6. Photogenic Cape Town
I'll give her this one, Cape Town is photogenic, and mostly because the wind is invisible to cameras - although if you're paying attention you might realise that trees growing sideways is not entirely normal. Also, that blue Camps Bay ocean looks very different on a photograph compared to when you're actually in it and have just inadvertently put your testicles into cryogenic storage. So my advice is enjoy photogenic Cape Town by looking at photographs of it taken by people with their backs turned to the Cape Flats (a sprawling, garbage strewn, portion of the city where over a million of its inhabitants live in poverty).

7. The Table Cloth
Sometimes Table Mountain is covered in clouds and it looks pretty. I can't fault this one. It's even known to happen when you can stand outdoors without having to hold onto something, and can take your time to admire it.

8. Hiking and Cycling in Cape Town
Possibly two of the most dangerous activities to attempt in Cape Town after trying to befriend a local. The choice is really between getting mugged and getting run over. There used to be some good hiking available on Table Mountain, at least until gangs of muggers set up shop on the flanks of the mountain and started routinely mugging and stabbing people. If you don't believe me search for 'Mugging' and 'Table Mountain' on Google News (here's the IOL celebrating the fact that mountain muggings have been cut down to just over 1 a month in 2012).

So that leaves cycling. To its credit Cape Town has built some cycle lanes on the West Coast, which means you're safe from being hit by cars if you stick to these. Unfortunately these lanes lie at a 90 degree angle to - and in the direct path of - the 'wind tunnel' mentioned in the article, which gives kite-surfers their lift on Blouberg Beach. If you instead choose to ride in the road then you leave yourself at the mercy of Cape Town drivers, who comprise a topic all of their own and are beyond the scope of this article.

9. Life's a beach
I agree, life is much like a Capetonian beach. It's full of shit, plastic bits you don't want or need, and occasional moments of beauty and calm. While the city councils make an effort, most Cape Town beaches are essentially sandboxes where people take their dogs to take a dump, people who can't figure out how to use an ashtray put out their cigarettes, and Chinese seamen working on passing container vessels send small plastic fragments and the occasional shoe to die. Noordhoek's not bad, once you get past the dumping zone, if you don't mind driving 40 minutes to get to a decent beach in a place that is surrounded by beaches.

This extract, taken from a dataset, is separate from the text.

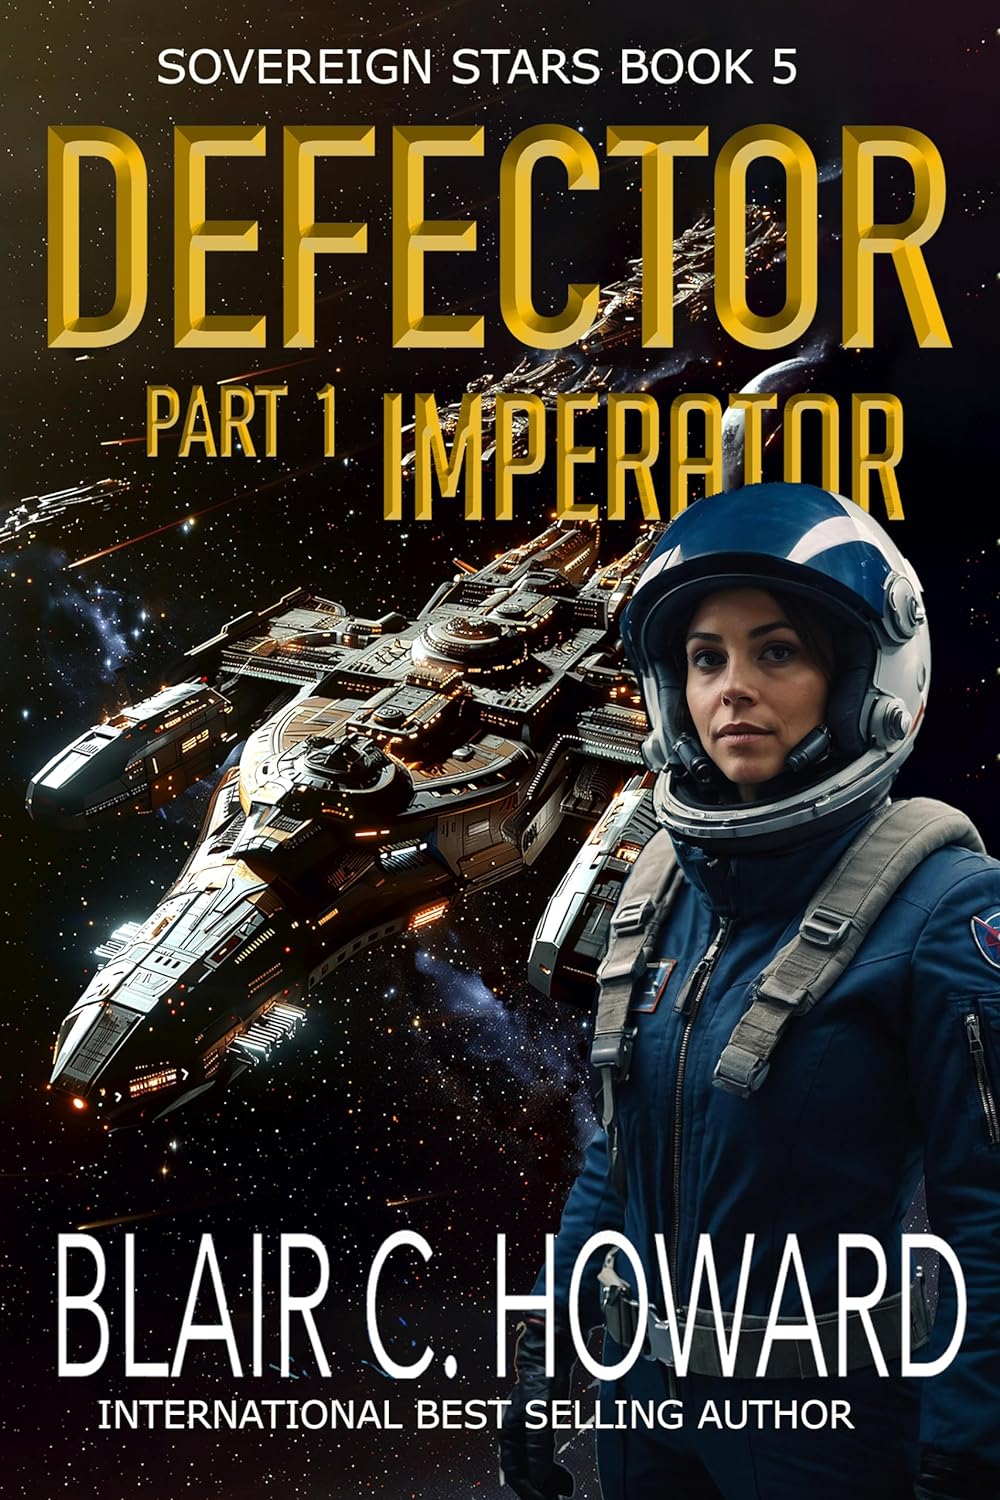 Defector: Part 1: Imperator

The article claims that Cape Town summer days rarely get hotter than 30 degrees, which is untrue even before you take into consideration the fact that many parts of Cape Town spend weeks at a time in flames thanks to the charming local habit of throwing cigarette butts into the tinderbox fynbos at the height of the windiest part of summer.

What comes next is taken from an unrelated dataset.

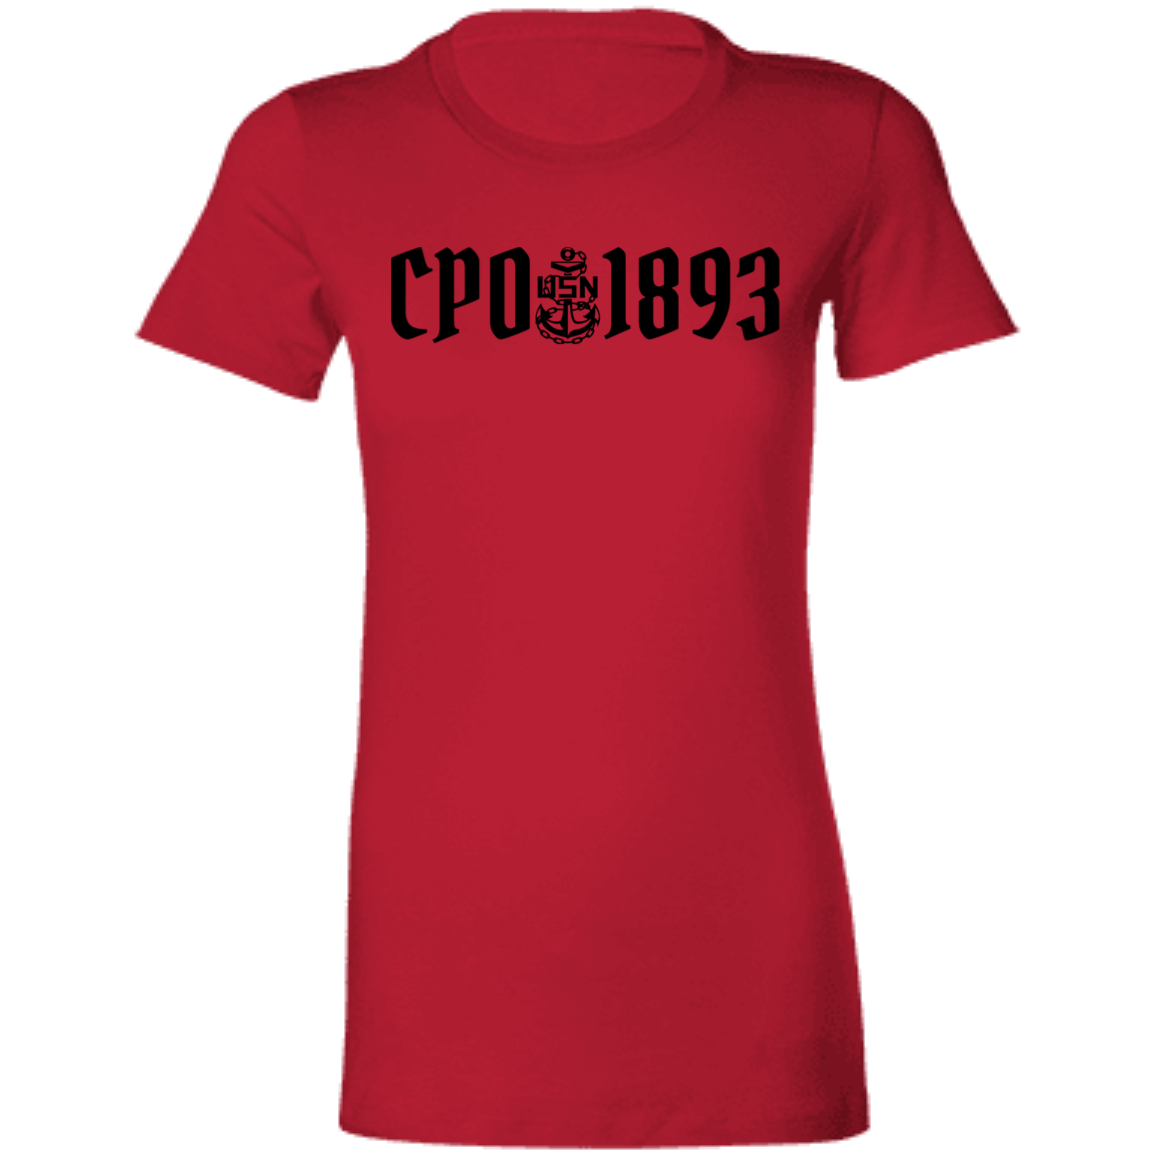 CPO 1893 Ladies' Favorite T-Shirt

10. Never bad weather in Cape Town
Hitler called this kind of statement the 'big lie' - a suggestion so preposterous that it's easier to believe it than to believe that anyone could possibly be dishonest or insane enough to tell such a monumental untruth. If you don't call endless months of clammy cold and damp 'bad', if you don't call the strongest prevailing wind in the country 'bad', if you don't call entire mountain ranges burning to cinders because of the combination of extreme heat and extreme wind 'bad', you're telling a Big Lie right there. Unless. Unless the author meant to say that the weather in Cape Town is not bad, because the word 'bad' simply isn't up to the job of describing how utterly fucking, hideously awful it is.